C’est dans ce contexte minier nouveau que L-D Kabila avait octroyé en 2000, le monopole de la commercialisation des diamants à la firme IDI Diamonds de l’israélien Dan Gertler. L’homme d’affaires n’en était pas encore un ; il n’avait à l’époque que 27 ans et sans aucune référence de succès ou d’expertise professionnels. L’accord IDI avait été conclu par deux membres de l’entourage du chef de l’Etat. Dan Gertler avait promis de procurer rapidement 20 millions de dollars US, entre autres pour acheter des armes, grâce à ses prétendues relations avec des généraux israéliens. Il s’agissait d’un pillage typique et dénoncé par le Panel de l’ONU, et en même temps d’un accord criminel et classé comme « diamants de sang ». Finalement, l’affaire fut un désastre national, sauf pour Dan Gertler lui-même qui s’en était enrichi. IDI Diamonds aurait payé 3 millions de dollars US environ. Défaillante, la firme n’avait pas pu conquérir le marché en proposant des prix compétitifs, avec comme conséquence que les diamants avaient été trafiqués vers Brazzaville et Bangui. A l’époque, l’Observatoire Gouvernance Transparence (OGT) avait estimé que le monopole d’IDI avait favorisé la fraude et la criminalité dans ce secteur.

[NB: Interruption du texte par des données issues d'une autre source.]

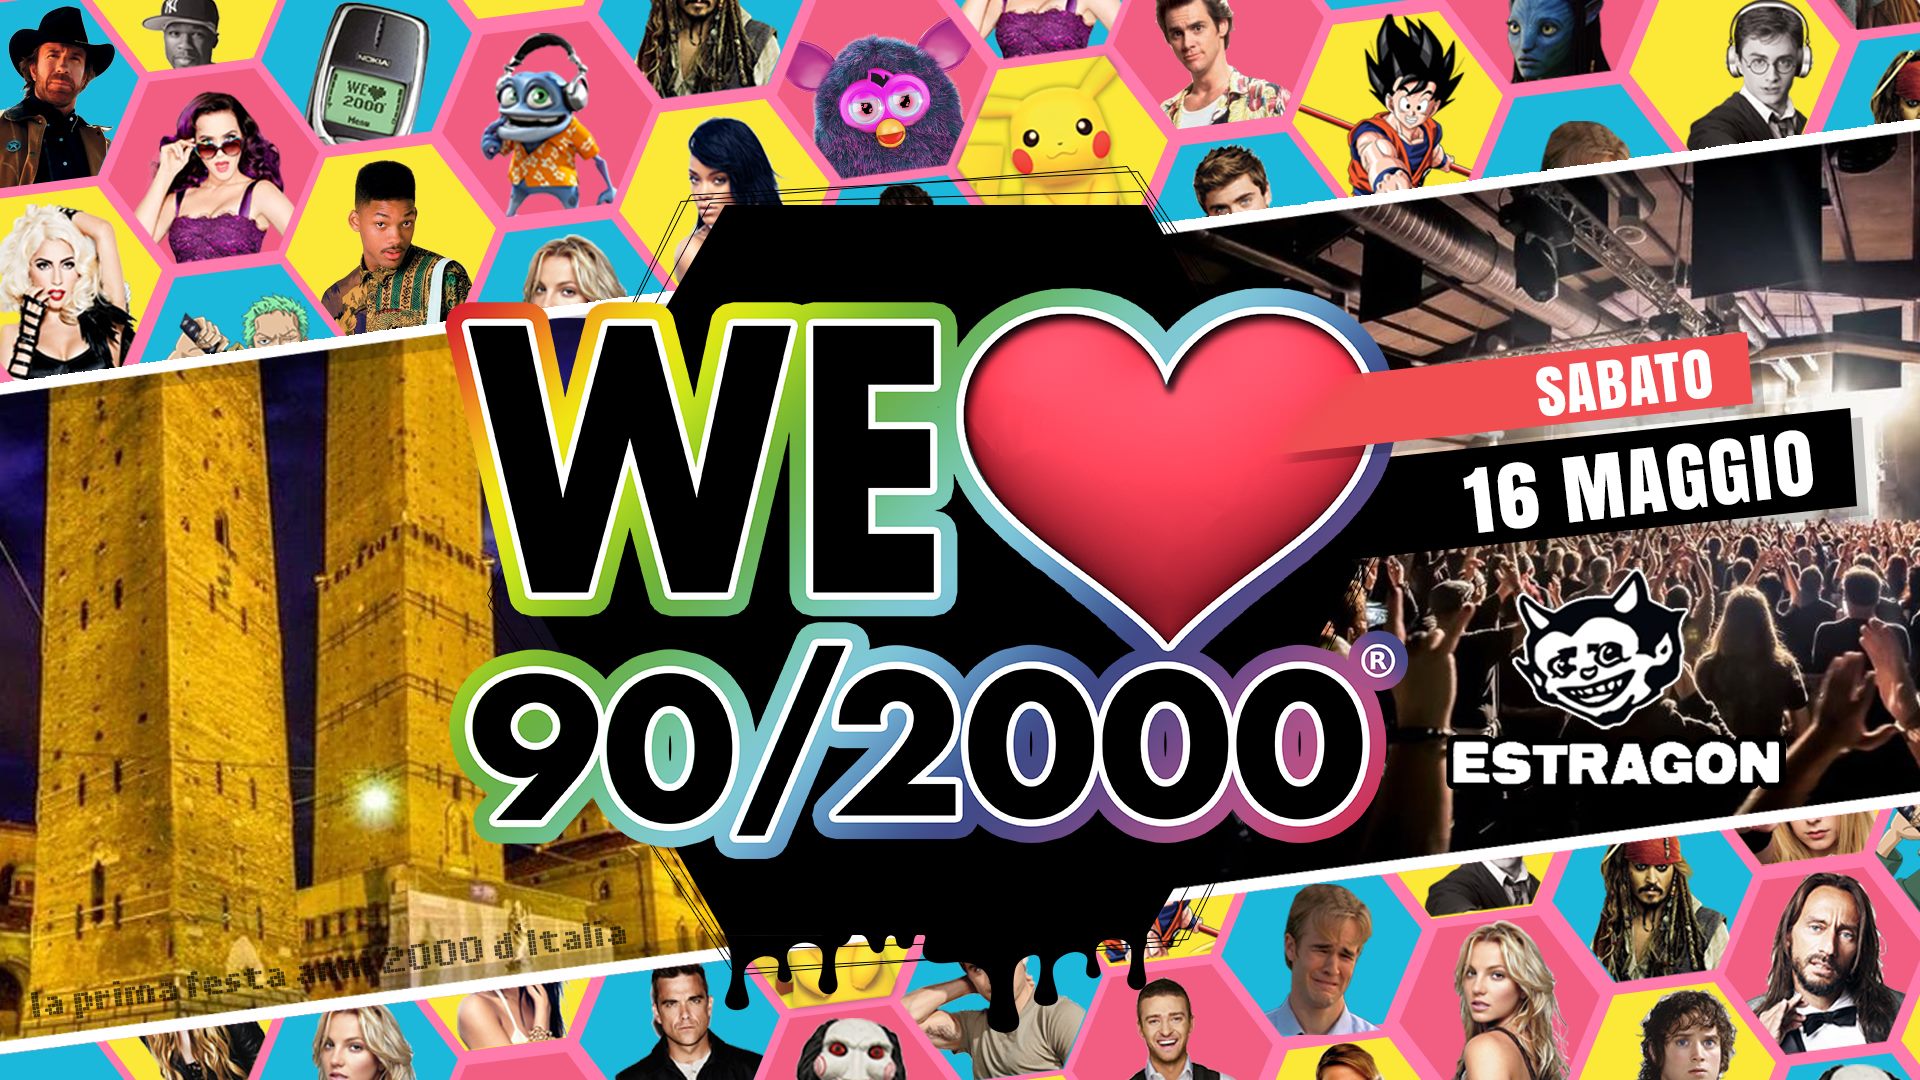 We Love 90/2000 Estragon Club Bologna
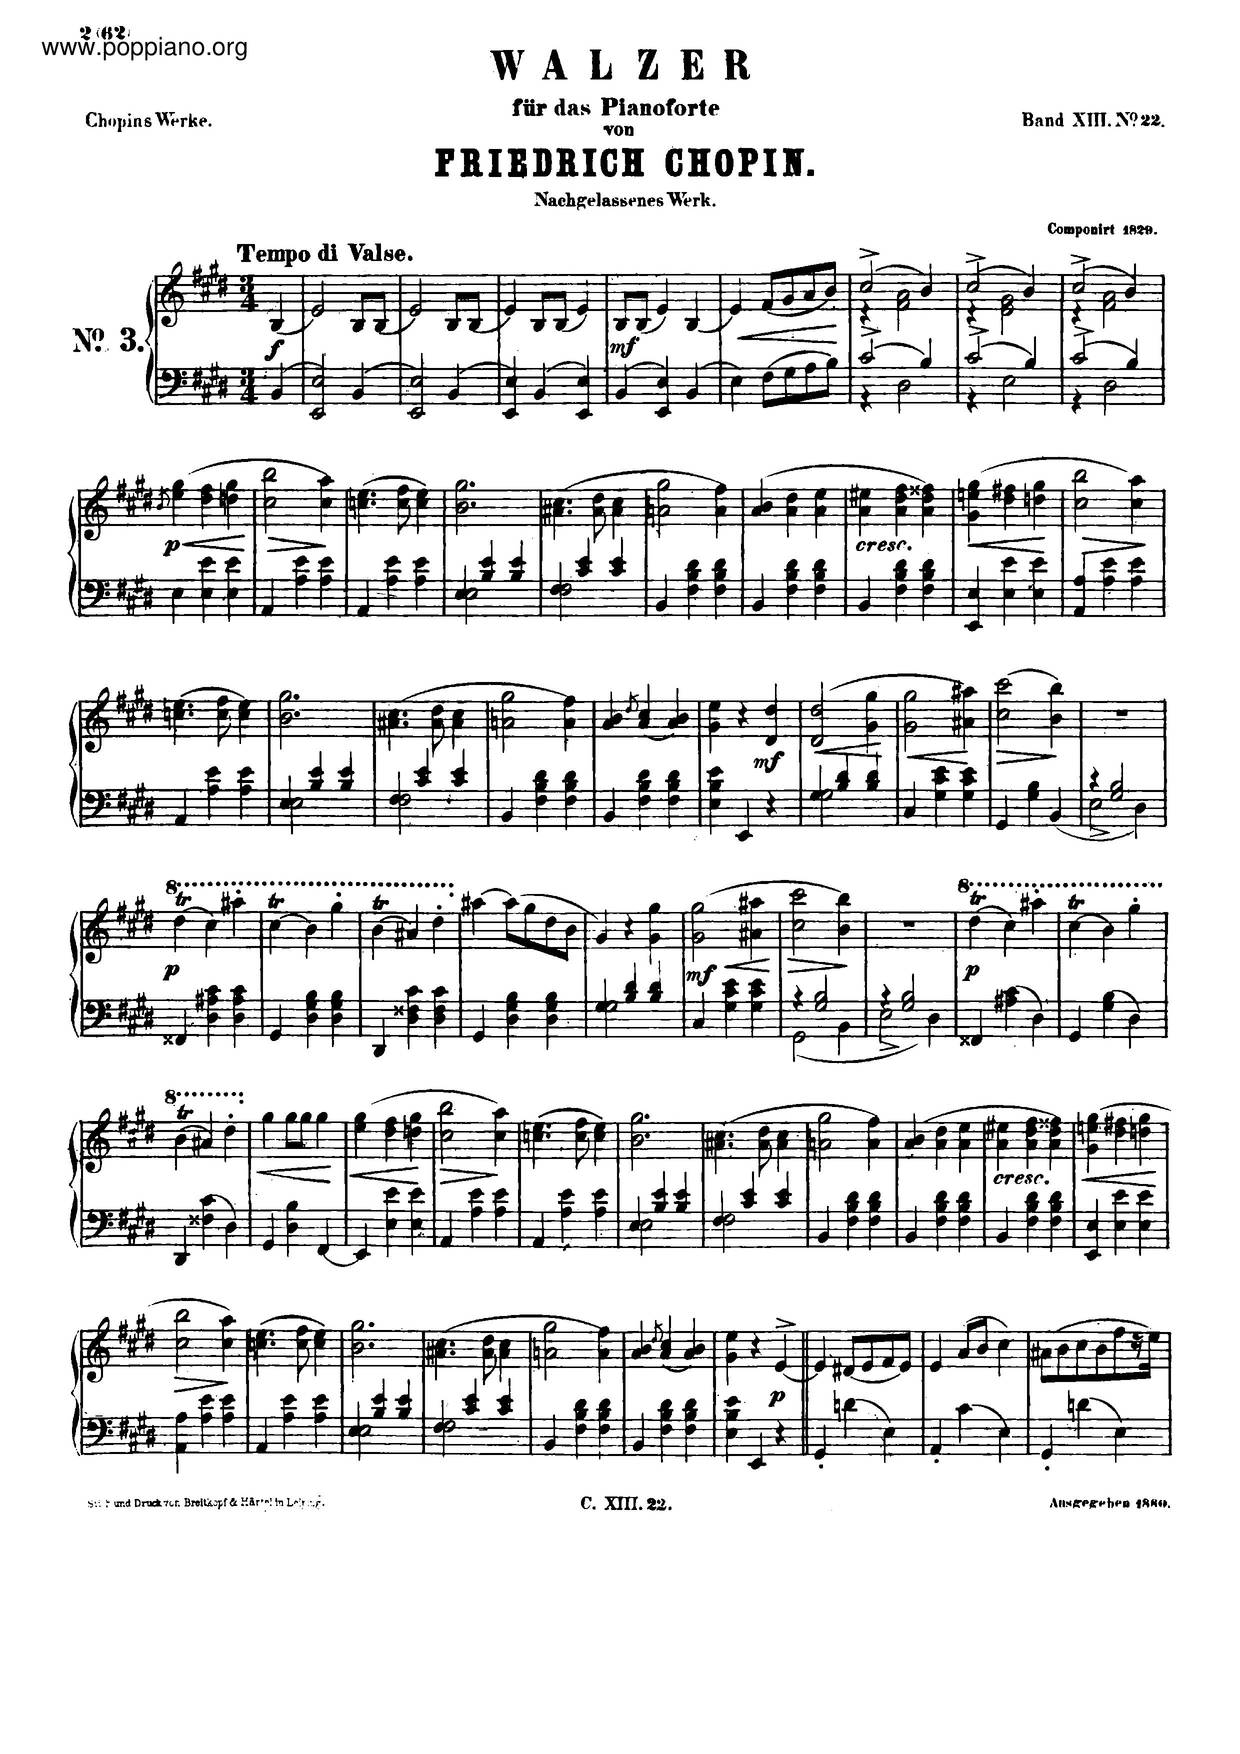 Waltz In E Major, B. 44 Score

A l’époque, les réseaux mafieux trafiquaient 300 à 400 millions de dollars US par an de diamants RDC. Certaines informations avaient même imputé à IDI l’assassinat de L-D Kabila, parce que le monopole avait fort mécontenté les milieux diamantaires libanais suspectés dans ce crime. Côté militaire, Dan Gertler a été poursuivi au tribunal par Yossi Kamisa qu’il avait recruté. On apprit au cours du procès que Gertler s’était rendu à Kinshasa avec Avigdor Ben Gal et Meir Dagan pour y rencontrer Kabila et ensuite demander au Ministère israélien de l’industrie militaire des autorisations d’exporter des armes légères en vue d’entraîner la garde présidentielle. Dan Gertler avait tenté d’expliquer aux juges que le marché IDI avait visé à améliorer la sécurité dans les mines de diamants congolaises. Chose que personne n’avait vue sur le terrain…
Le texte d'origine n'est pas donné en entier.